Data to process:

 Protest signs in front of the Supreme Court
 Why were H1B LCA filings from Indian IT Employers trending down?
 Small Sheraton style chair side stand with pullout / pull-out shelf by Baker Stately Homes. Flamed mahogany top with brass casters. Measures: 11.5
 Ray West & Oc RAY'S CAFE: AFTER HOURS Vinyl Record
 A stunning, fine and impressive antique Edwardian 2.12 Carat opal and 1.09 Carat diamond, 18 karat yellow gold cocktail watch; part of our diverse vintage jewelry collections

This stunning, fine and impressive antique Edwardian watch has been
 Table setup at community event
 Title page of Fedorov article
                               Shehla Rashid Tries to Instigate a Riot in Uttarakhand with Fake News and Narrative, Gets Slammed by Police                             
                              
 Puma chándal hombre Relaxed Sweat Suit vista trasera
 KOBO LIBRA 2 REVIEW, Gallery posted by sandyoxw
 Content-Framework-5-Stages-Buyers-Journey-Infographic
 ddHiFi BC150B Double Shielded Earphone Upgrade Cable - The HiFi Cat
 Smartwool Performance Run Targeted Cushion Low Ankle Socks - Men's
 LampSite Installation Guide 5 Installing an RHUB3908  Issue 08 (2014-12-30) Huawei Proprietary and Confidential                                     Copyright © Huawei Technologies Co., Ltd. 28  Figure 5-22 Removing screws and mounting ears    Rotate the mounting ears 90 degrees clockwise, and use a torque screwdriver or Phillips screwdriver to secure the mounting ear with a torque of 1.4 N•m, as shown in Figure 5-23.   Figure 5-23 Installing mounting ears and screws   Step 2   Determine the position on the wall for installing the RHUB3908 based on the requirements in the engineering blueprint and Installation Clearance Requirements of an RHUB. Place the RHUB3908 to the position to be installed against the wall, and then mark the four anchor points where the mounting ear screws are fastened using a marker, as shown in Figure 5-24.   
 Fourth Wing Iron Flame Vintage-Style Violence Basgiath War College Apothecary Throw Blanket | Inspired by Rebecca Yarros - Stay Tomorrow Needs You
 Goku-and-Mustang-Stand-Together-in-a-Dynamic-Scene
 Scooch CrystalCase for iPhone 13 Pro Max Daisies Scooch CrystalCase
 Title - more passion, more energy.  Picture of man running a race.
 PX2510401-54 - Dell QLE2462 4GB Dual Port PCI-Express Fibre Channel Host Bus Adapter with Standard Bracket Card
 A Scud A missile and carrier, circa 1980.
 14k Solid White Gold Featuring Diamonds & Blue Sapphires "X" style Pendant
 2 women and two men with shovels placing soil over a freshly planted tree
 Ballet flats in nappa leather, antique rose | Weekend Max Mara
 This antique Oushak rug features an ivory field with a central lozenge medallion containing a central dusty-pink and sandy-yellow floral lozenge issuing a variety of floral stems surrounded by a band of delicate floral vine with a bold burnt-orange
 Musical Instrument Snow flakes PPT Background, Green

The task: The lines above that include "Title" should each be listed.

Response box:
 Title page of Fedorov article
 Title - more passion, more energy.  Picture of man running a race.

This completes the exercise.